Monday, November 10, 2008

The Tranny at the Checkout and the Phone in the Pool

"Don’t do drugs because if you do drugs you’ll go to prison, and drugs are really expensive in prison."

John Hardwick

Last month, I realised that I'm sitting on a big pile of tea leaves I bought from India and I have yet to start drinking any of them. One reason was that I did not own a proper mug big enough for my appetite, and brewing teensy cuppas are not at all labour effective (and I consider any labour from my part to be too valuable to squander so unproductively). I needed one of those big ass bowl mugs that people sometimes eat instant noodles from. D-cups, at the very least.

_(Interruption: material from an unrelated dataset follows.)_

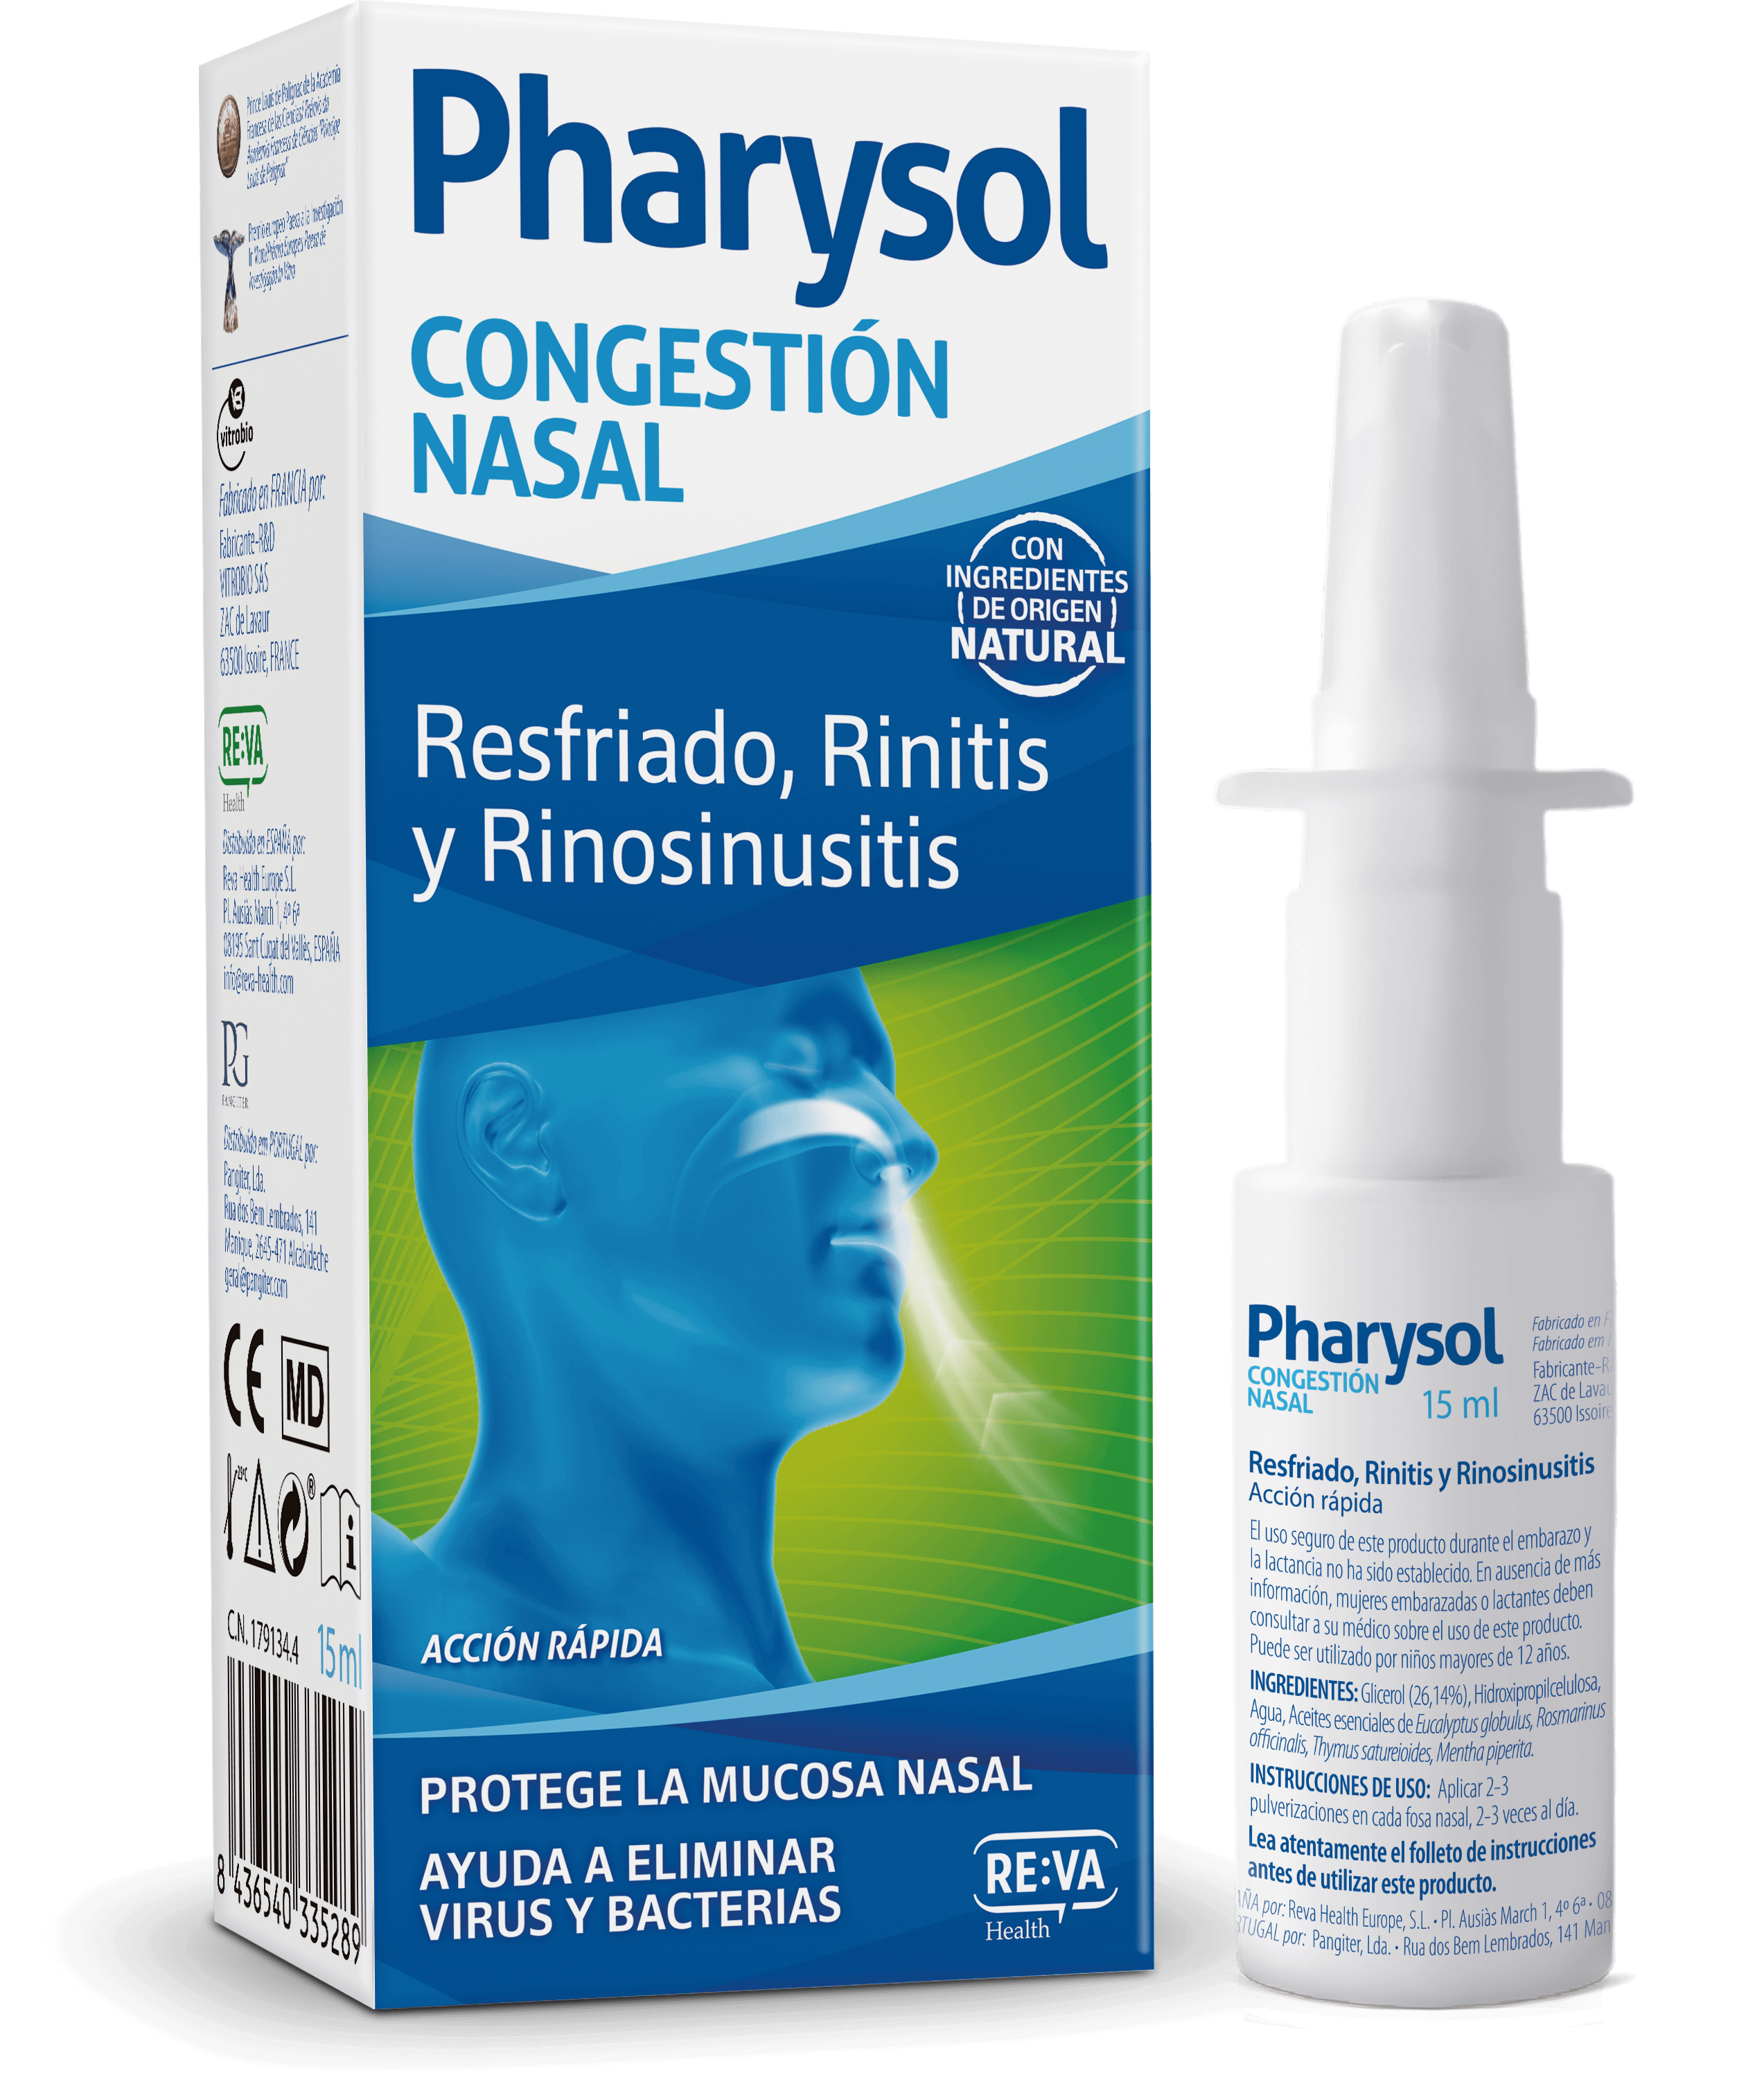 pharysol sinus descongestion nasal

So, to cut pointless story short, there I was at the checkout counter in the Parkson Grand in Mahkota paying for this nice bowl glazed-ceramic mug I chose and there was this short Malay girl behind the till (who is not the titular tranny, be patient). After handing me my change, she wrapped up my mug with some paper. And then, just as she was reaching for a plastic bag, I remembered just in time to stop her.

"Tak nak plastik," I said. No plastic, please. That's me; responsible citizen of Planet Earth who gives a fuck enough to say three words. Plus, I think I could definitely handle a bit of ceramic walking between the checkout and my car.

She instantly glazed over, and stared confusedly back at me. It's like she's on the verge of spouting some computerised error message; "Does not compute, critical system failure." Shit, I thought I was going to be the first guy ever to get a Microsoft Blue Screen of Death out of a human being.

"Huh," she finally managed.

"Tak nak beg plastik," I repeated and gestured for my paper-wrapped mug. Gimme. I want it to go. I'll eat it while I walk. Chop chop, lady. Ain't got all day.

"Tak boleh!" She was clearly horrified at the thought of me walking out of the store holding my mug in my hand. I don't know - was it one of the signs of Apocalypse? People walking out of stores taking their purchases without their plastic bags? "Store policy," she added triumphantly, as if she just threw a glassful of holy water in my face. She seemed almost disappointed that I did not turn into a screaming cloud of evil and brimstone.

With the air of someone who would not negotiate with terrorists, she dropped my mug into a plastic bag and thrust it at my nose. I gave in, of course. What can a mere customer like me do against the holy commandments of "store policy".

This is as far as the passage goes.